Наконец, в секунду, когда я совсем захлебнулась:
- Вы здесь живете?
- Да, то есть не здесь, конечно, а...
- Я понимаю: в Шенбрунне. И на св. Елене. Но я спрашиваю: это ваша комната?
- Это - детская, бывшая, конечно, а теперь Асина, это моя сестра - Ася.
- Я бы хотел посмотреть вашу.
<...>
через день: бандероль, вскрываю: Henri de Regnier, "Les rencontres de Monsieur de Breot".
Восемнадцатый век. Приличный господин, но превращающийся, временами, в фавна. Праздник в его замке. Две дамы-маркизы, конечно, - гуляющие по многолюдному саду и ищущие уединения. Грот. Тут выясняется, что маркизы искали уединения вовсе не для души, а потому, что с утра не переставая пьют лимонад. Стало быть - уединяются. Подымают глаза: у входа в грот, заслоняя солнце и выход, огромный фавн, то есть тот самый Monsieur de Breot.
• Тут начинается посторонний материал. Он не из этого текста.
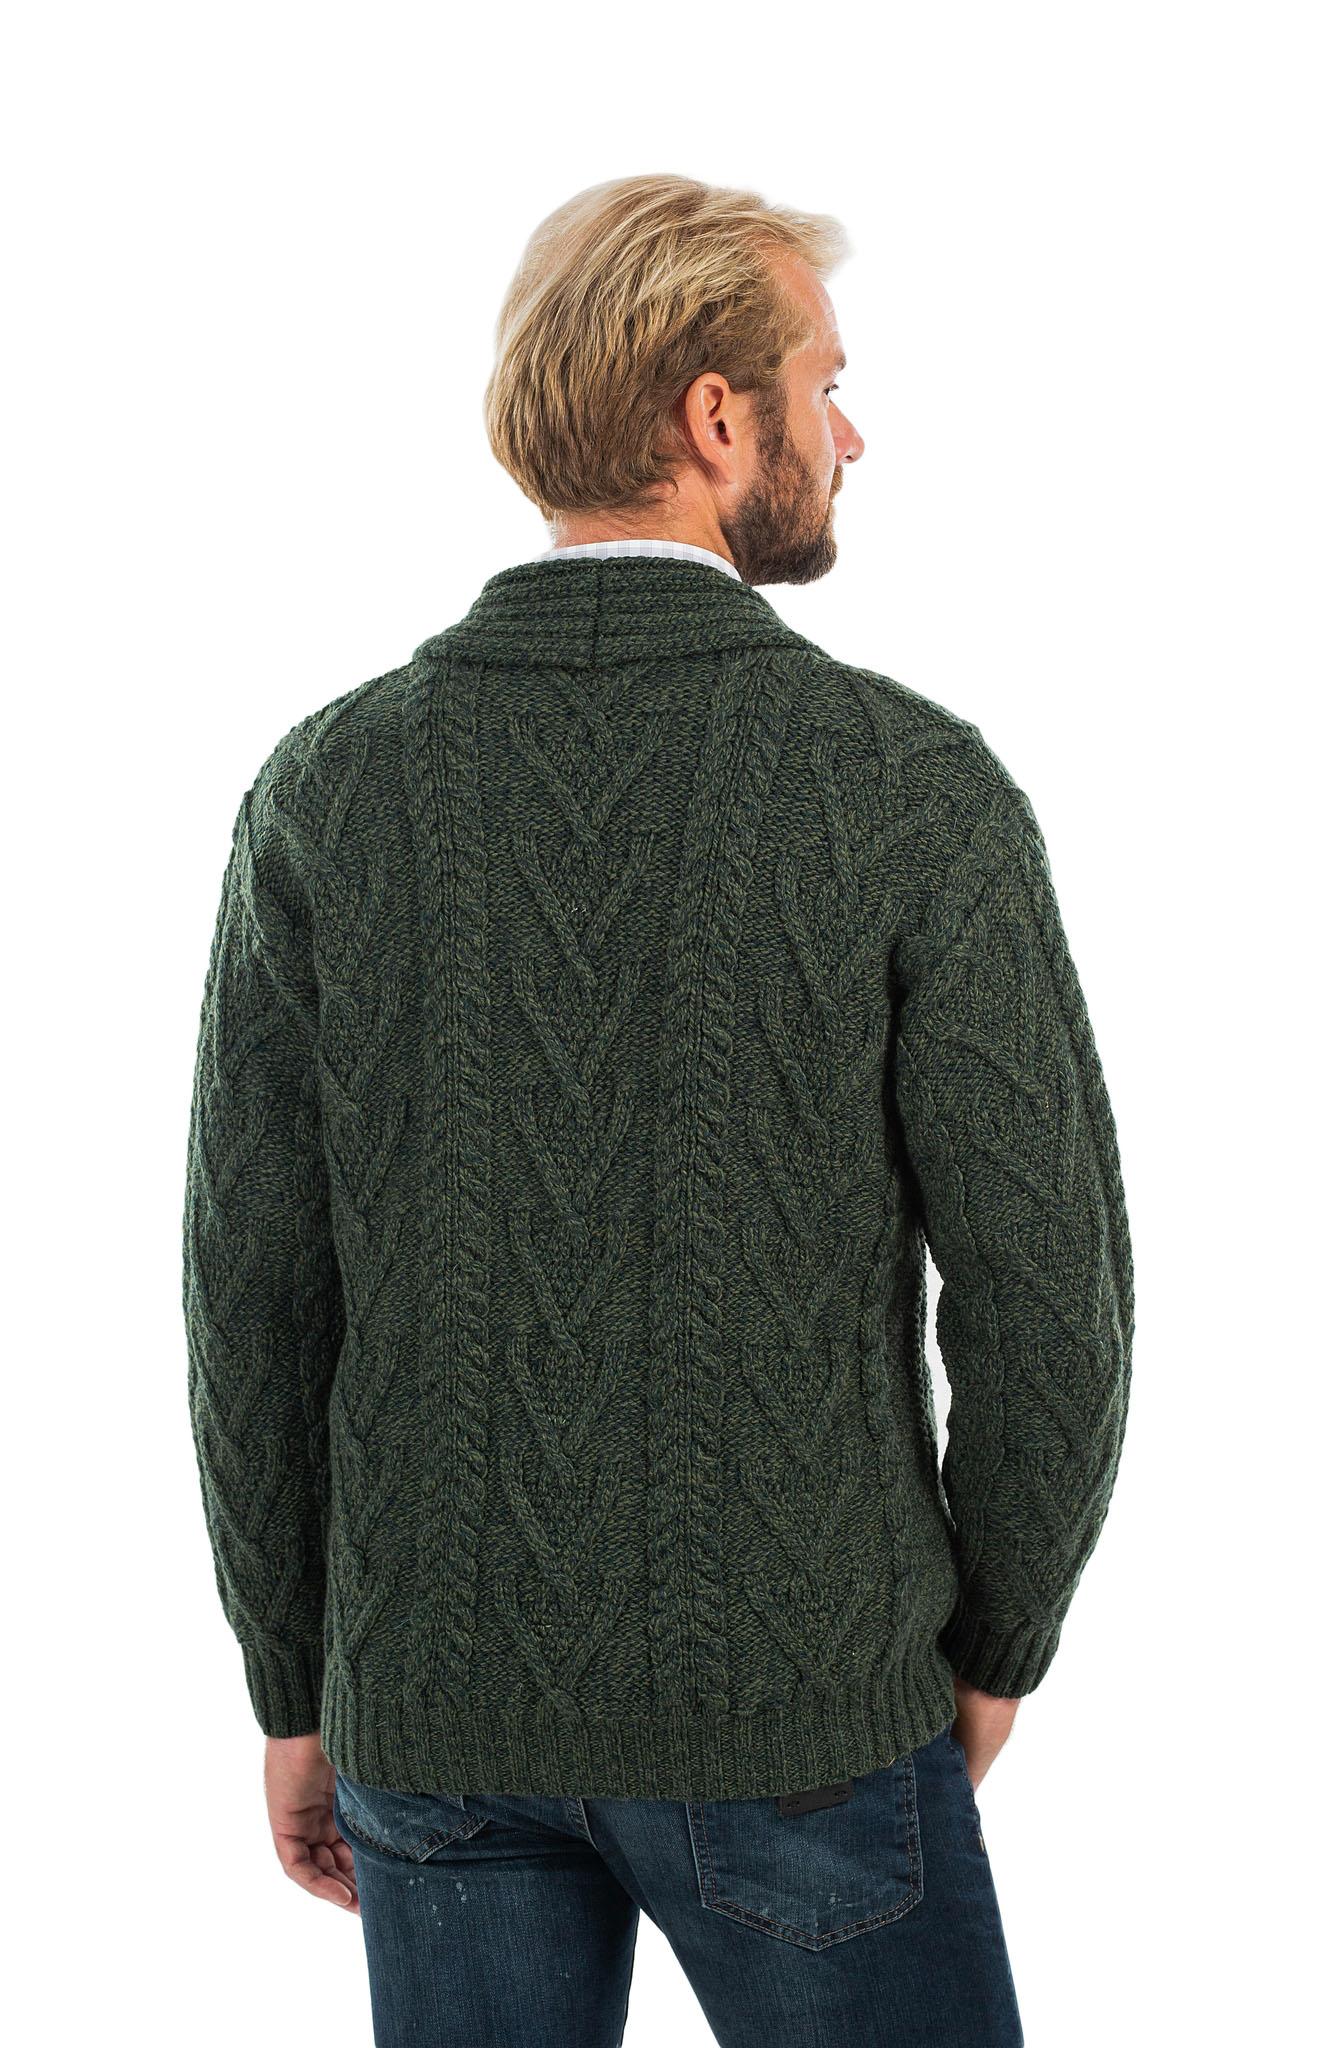 SAOL-Mens-Irish-Merino-Wool-Cardigan-Shawl-Collar-Front-Pockets-Aran-Cable-Knit thumbnail 9

В негодовании захлопываю книгу. Эту - дрянь, эту - мерзость - мне?
<...>
Мое письмо вышло проще, но не кротче. «Совершенно не понимаю, как вы, зная книги, которые я люблю, решились прислать мне такую мерзость, которую вам тут же, без благодарности, возвращаю».
На следующий день — явление самого Макса, с большим пакетом под мышкой.
— Вы очень на меня сердитесь?
— Да, я очень на вас сердилась.
— Я не знал, что вам не понравится, вернее, я не знал, что вам понравится, вернее, я так и знал, что вам не понравится — а теперь я знаю, что вам понравится.
И книга за книгой — все пять томов Жозефа Бальзаме Дюма, которого, прибавлю, люблю по нынешний день, а перечитывала всего только прошлой зимой — все пять томов, ни страницы не пропустив. На этот раз Макс знал, что мне понравится.
(Выкладывая пятый том:
— Марина Ивановна! Как хорошо, что вы не так пишете, как те, кого вы любите!
— Максимилиан Александрович! Как хорошо, что вы не так себя ведете, как герои тех книг, которые вы любите!)
...
мне не особенно нравится цветаева %)))))
то есть, не то чтобы я сильно её не_люблю, просто "не моего романа"
а теперь ещё эта статья: чепец, очки, не нравится бодлер и ренье, но нравится наполеон, "дай мне смерть в семнадцать лет".. какое же это всё кокетство страшное: "какое горе, что я не мужчина", "эту мерзость - мне?!" и "беззаветный гимн женскому творчеству"
брр %)
а я с тех пор уверен, что настоящая поэтесса в семнадцать лет только и может быть обритой наголо, в очках и на святой елене %)) позже уже, конечно, волосы можно отрастить
мне это как-то не пришло в голову %)))
но если это на самом деле самоирония - цветаева гораздо лучше, чем я про неё думаю))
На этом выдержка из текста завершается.